Just need to do my business parking lot and home driveway in town.

Thanks,

John


----------



## John Matthews (Oct 16, 2013)

Ok,

I guess I should have introduced myself instead of just being the obnoxious new guy asking stupid questions pumpkin:

I'm totally new to plowing, I've only lived in snow country since 2009 and have used snowblowers to clear my drives because that's all I had. I run a small power equipment shop in Northern Michigan and picked up a surplus Tahoe that used to be a police vehicle this summer. The past four winters I've driven my '97 F250 4x2 so I couldn't really use a plow.

Recently I bought an older Western plow that's 6.5 ft for $675. It's in good shape but I need to fab a mount for it and get it set-up ASAP. I was starting to have buyers remorse since the plow is only slightly wider than my truck and was looking for assurance that I would be able to use it.

I see now that you can get these aftermarket "wings" to make it a little wider and help with plowing so if what I have isn't working too well I could add some of those.

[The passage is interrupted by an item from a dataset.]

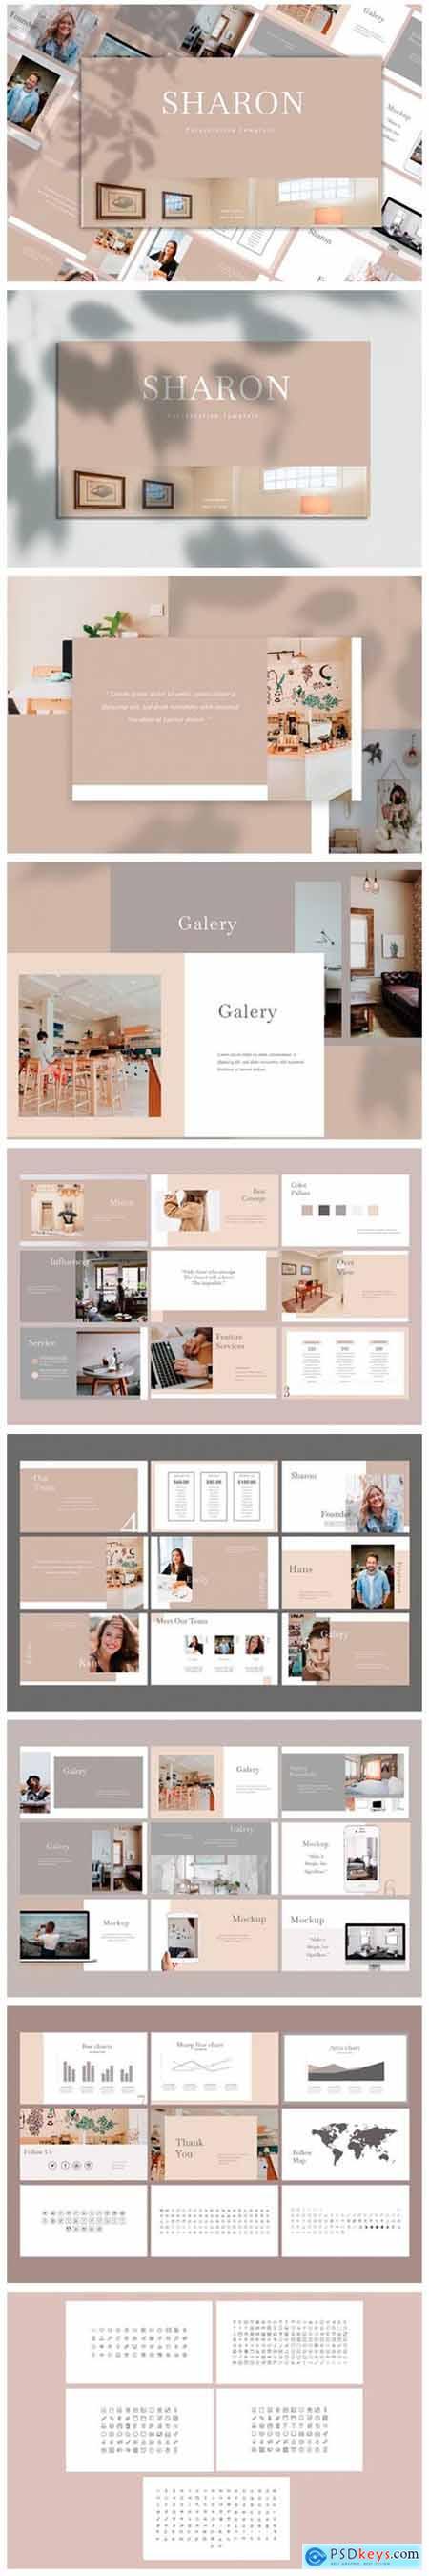 Sharon - PowerPoint Template 2276600
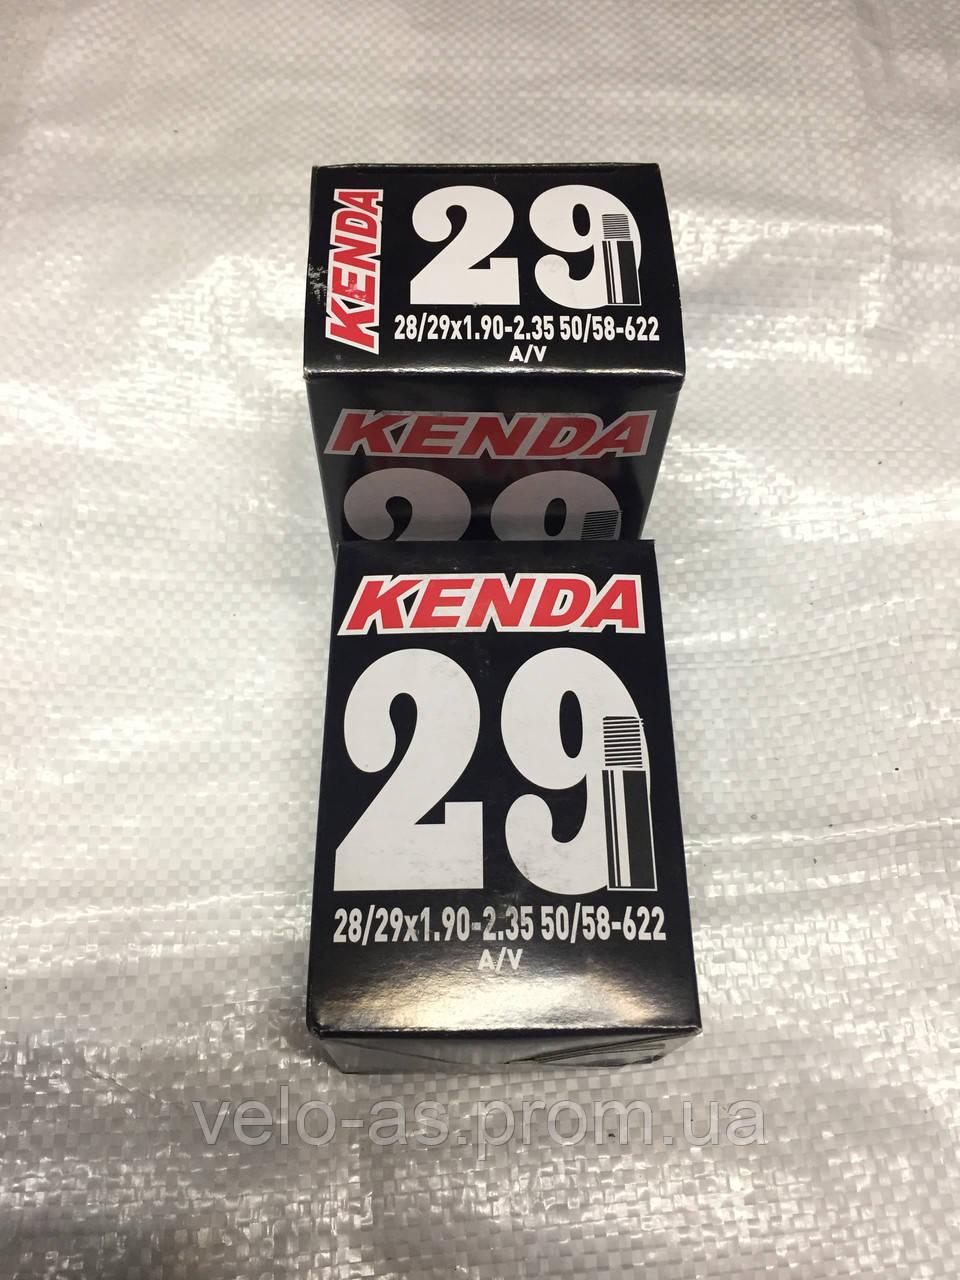 Камера KENDA 28/29x1.90-2.35 50/58-622 A/V

Would still like any input from folks who have BTDT.

Thanks,

John


----------



## 1olddogtwo (Aug 6, 2007)

No.....need a 7/6 at a min.


----------



## snowman55 (Nov 20, 2007)

Just doing your own stuff it will be ok i added a foot to my snoway7.6 making it 8.6 on my avalanche


----------



## John Matthews (Oct 16, 2013)

1olddogtwo;1654821 said:


> No.....need a 7/6 at a min.


OK,

Bonehead me.... Took the word of the guy who was selling it, he said it was mounted to an F350 before.

I guess I should just put it out front of my shop for sale and start over?

At least it's not the dumbest thing I've ever done 

JOhn


----------



## John Matthews (Oct 16, 2013)

snowman55;1654824 said:


> Just doing your own stuff it will be ok i added a foot to my snoway7.6 making it 8.6 on my avalanche


Gotta love forums 

I've been online since 1995 and always get lots of great advice.

The product I'm looking at is this:

http://www.centralparts.com/ProductDetails3891.aspx

I can't ever see myself plow commercially since so many of my customers do. I like the idea of having a smaller set-up and everything else used around here is either junk or $2000+

Thanks,

JOhn


----------



## dieselss (Jan 3, 2008)

For 200 I'd do it. As long as its just your drive etc you should be ok. Might wanna have another tk on call incase you get stuck


----------



## John Matthews (Oct 16, 2013)

dieselss;1654836 said:


> For 200 I'd do it. As long as its just your drive etc you should be ok. Might wanna have another tk on call incase you get stuck


No Problem, my house is just a 15 min walk and I can get my wife's Expedition if I can't flag down one of my customers driving down the highway....

John


----------



## 2006Sierra1500 (Dec 28, 2011)

Pics of the plow would help to determine if there is a mount made for the truck or if something will need to be fabricated.


----------